For pruning and distilling the model, you will use the NeMo Framework, which is available as a [Docker container](https://catalog.ngc.nvidia.com/orgs/nvidia/containers/nemo). These notebooks has been tested on `nvcr.io/nvidia/nemo:25.04` container.

1. Run the container using the following command. You will mount your local directory to `/workspace` so the model and dataset will be stored in a persistent location.
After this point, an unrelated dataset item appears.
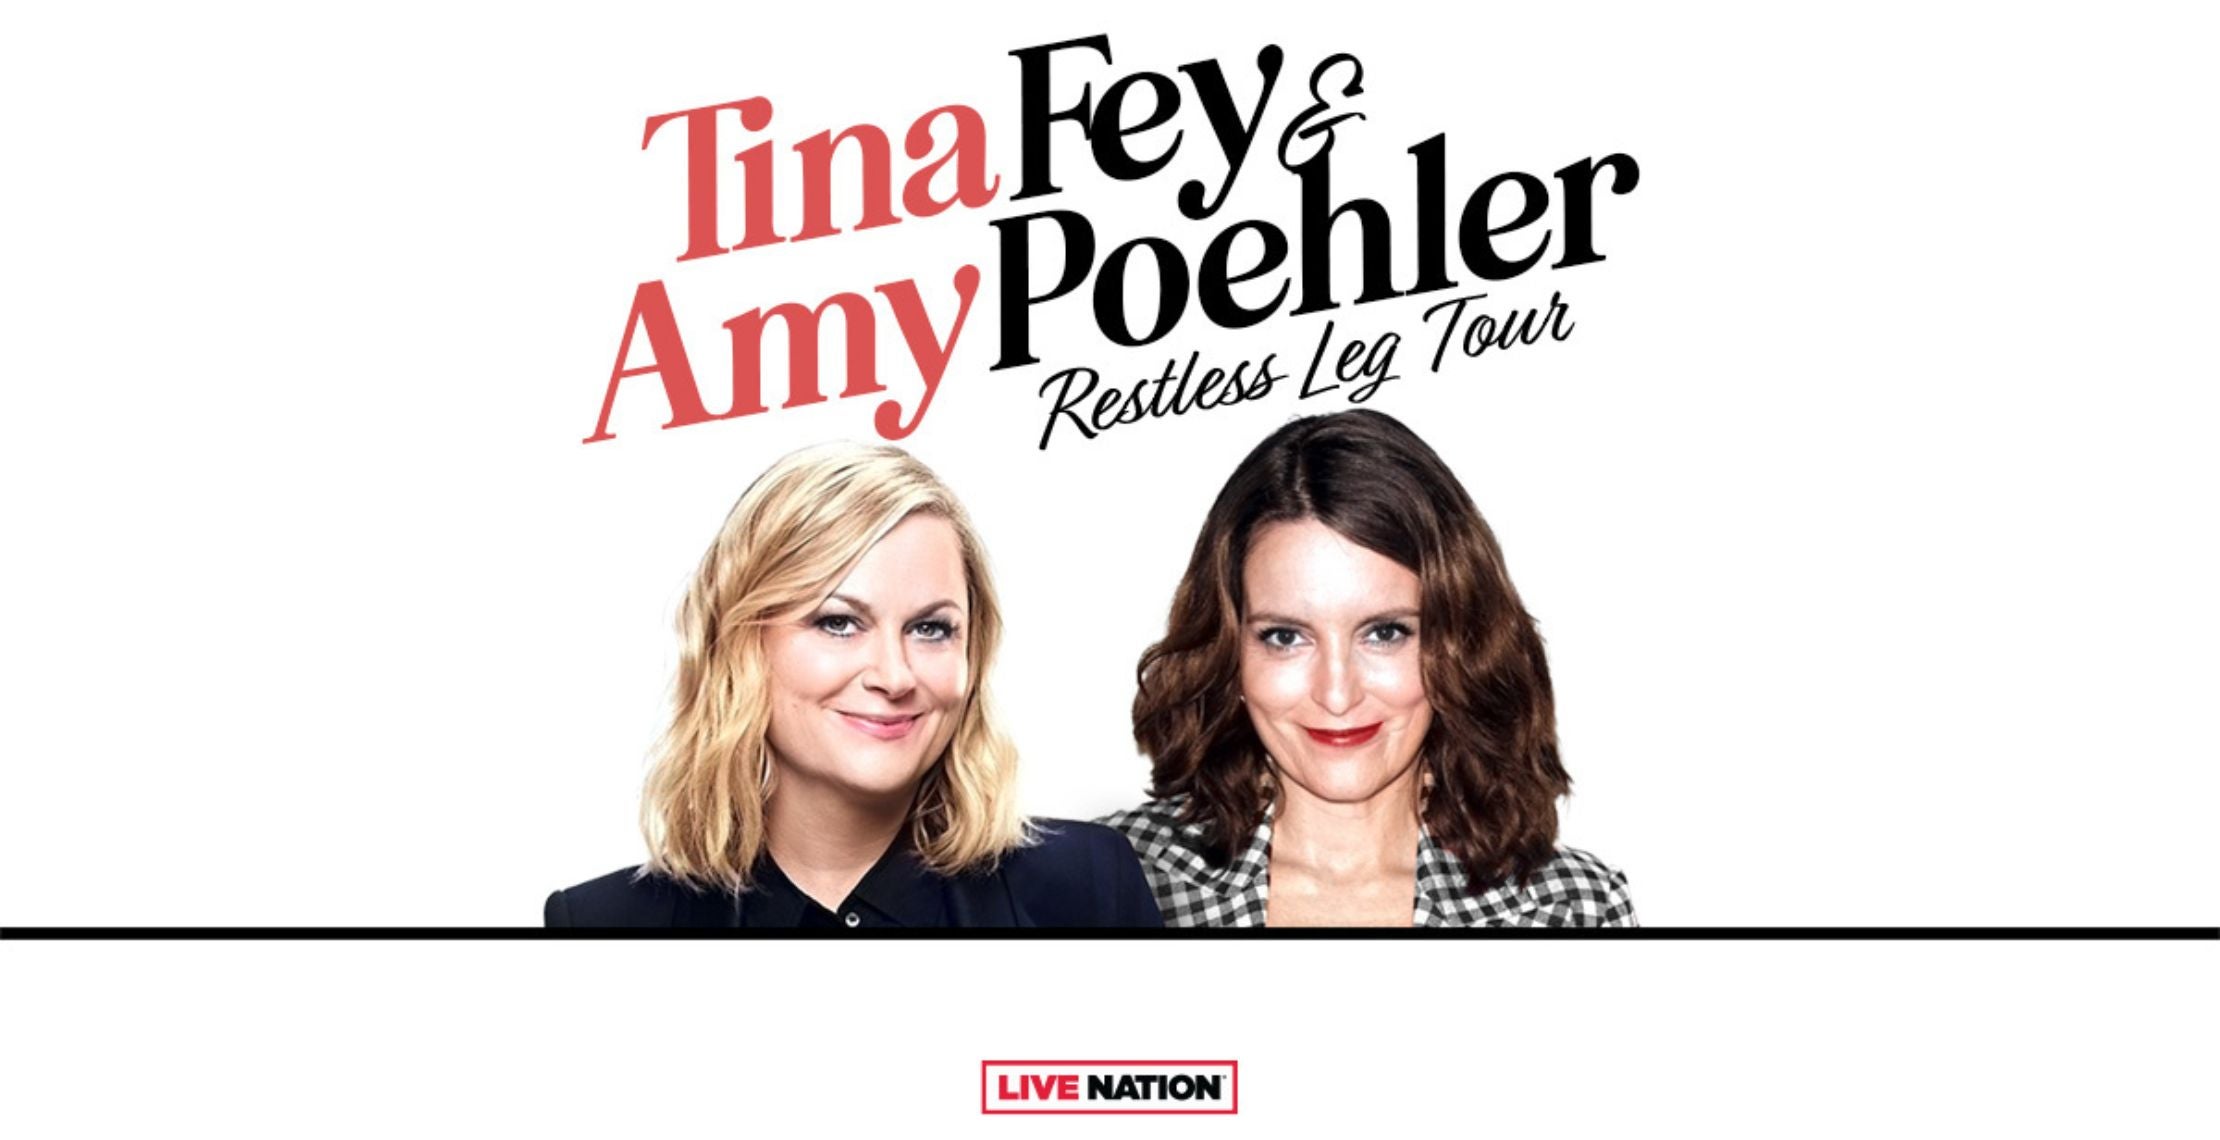 Tina Fey & Amy Poehler Restless Leg Tour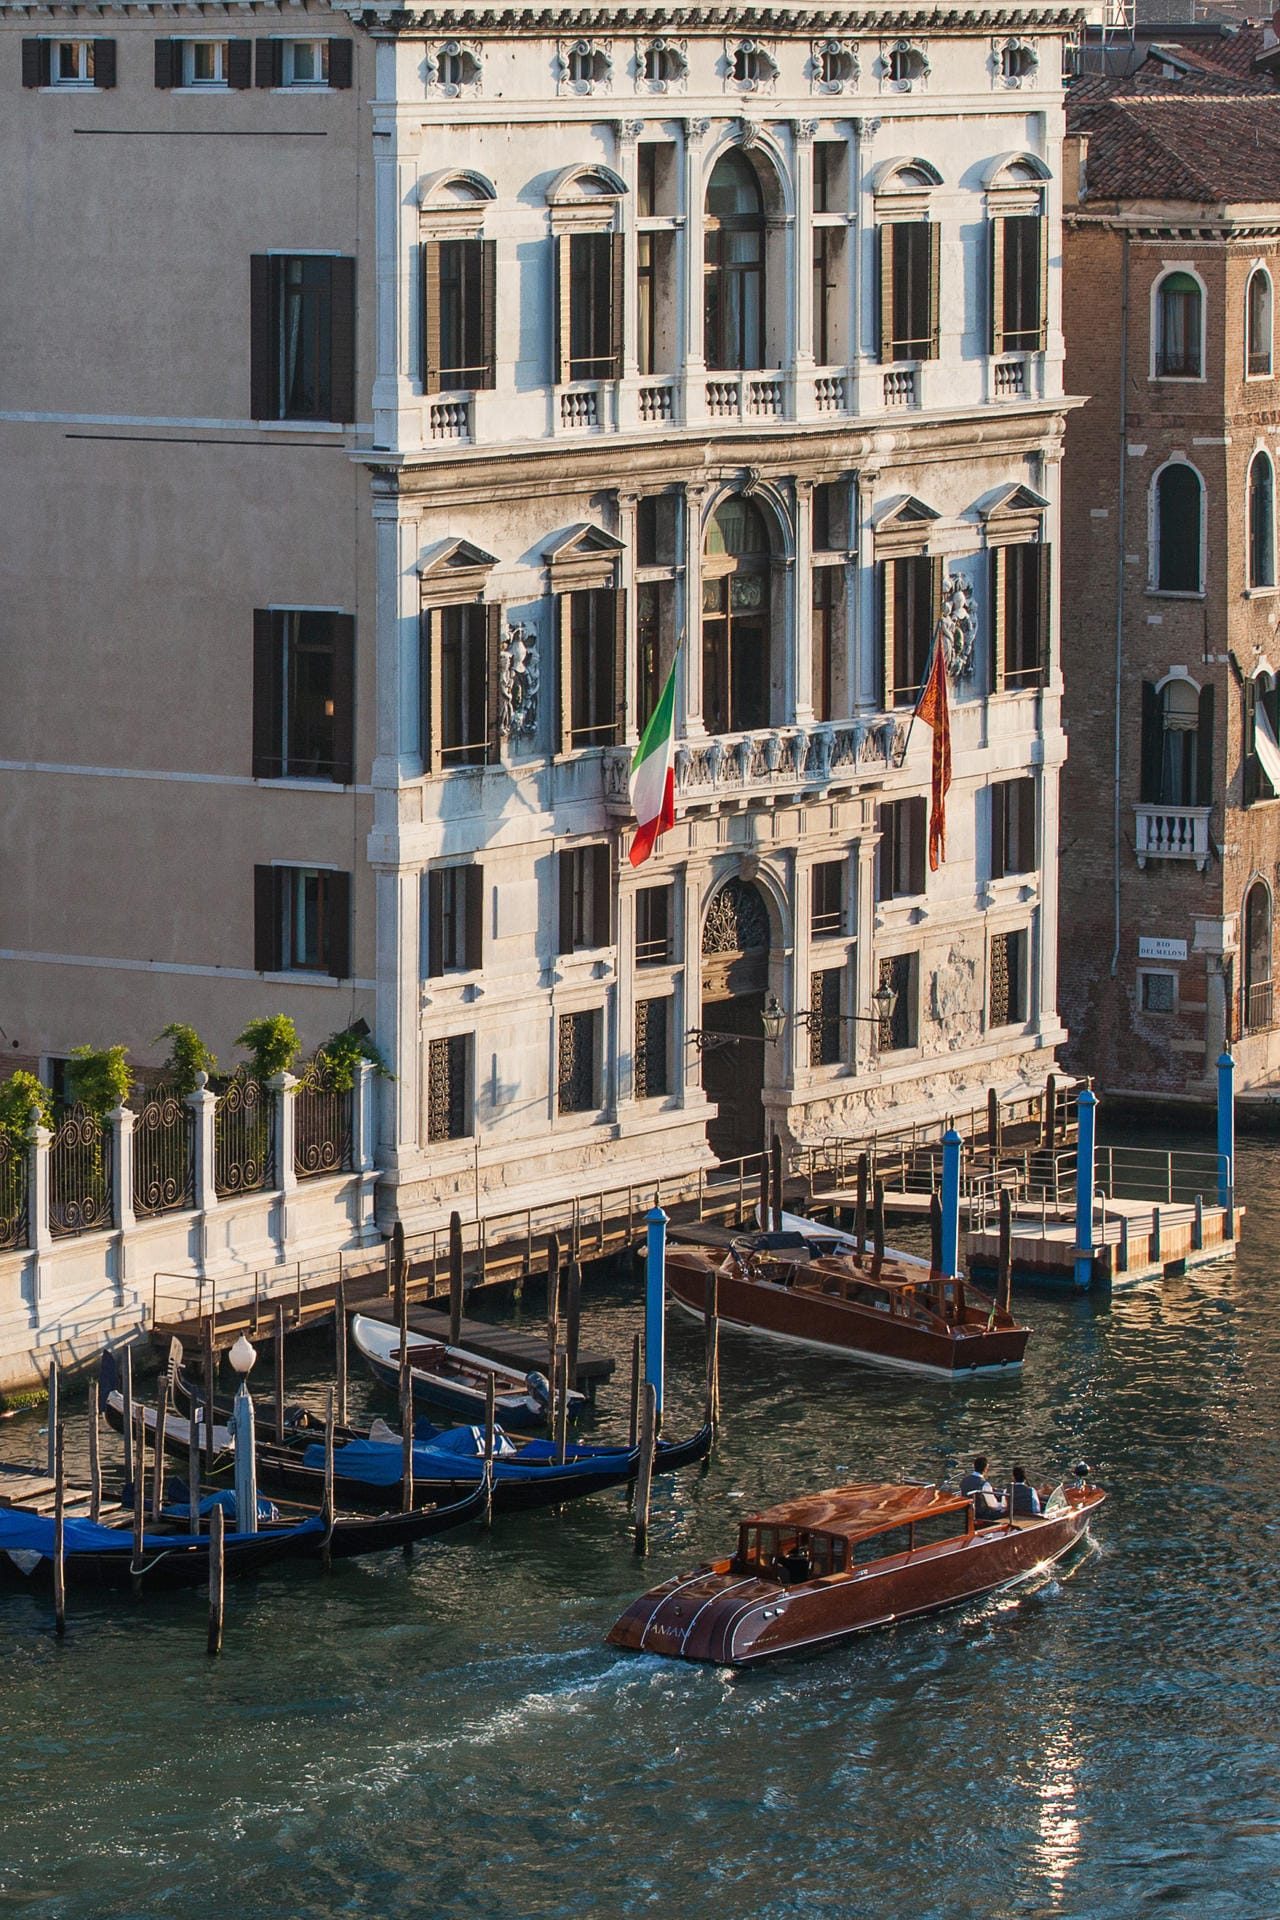 Nach außen verschwiegen, ultraluxuriös von innen: das Hotel "Aman" in Venedig.

If you are using your own model and dataset, you can change the paths in the notebooks accordingly.

```bash
export FW_VERSION=25.04
```

```bash
docker run \
  --gpus all \
  --shm-size=16GB \
  --net=host \
  --ulimit memlock=-1 \
  --rm -it \
  -v ${PWD}:/workspace \
  -w /workspace \
  nvcr.io/nvidia/nemo:$FW_VERSION bash
```

2. From within the container, copy the notebooks to your local directory so changes remain persistent (only if running first time).

```bash
cp -r /opt/NeMo/tutorials/llm/llama/pruning-distillation/* /workspace
```

3. From within the container, login with your Hugging Face token to download the Llama 3.1 model and tokenizer (not required if you have already downloaded the model and tokenizer).

```bash
huggingface-cli login --token <YOUR_HF_ACCESS_TOKEN>
```

4. Start the Jupyter lab:

```bash
pip install --upgrade ipywidgets notebook
jupyter lab --ip 0.0.0.0 --port=8888 --allow-root
```

5. Then, navigate to this directory which contains a list of notebooks that cover all the steps to create a distilled 4B model.

This workflow is structured into four notebooks:
  1. [Prepare the model and dataset](./01_model_and_data_preparation.ipynb)
  2. [Fine-tune the teacher on the dataset](./02_teacher_finetuning.ipynb)
  3. [Prune the fine-tuned teacher model](./03_pruning.ipynb) to create a student via either depth-pruning or width-pruning
  4. [Distill knowledge from teacher into student](./04_distillation.ipynb)

> `NOTE:` We are exploring two methods to prune the fine-tuned teacher model: depth-pruning and width-pruning. Per the [tech report](https://arxiv.org/pdf/2408.11796), we can observe that width-pruning generally outperforms depth-pruning while depth pruned model is generally faster so users can choose to perform either depth-pruning or width-pruning or both methods simultaneously.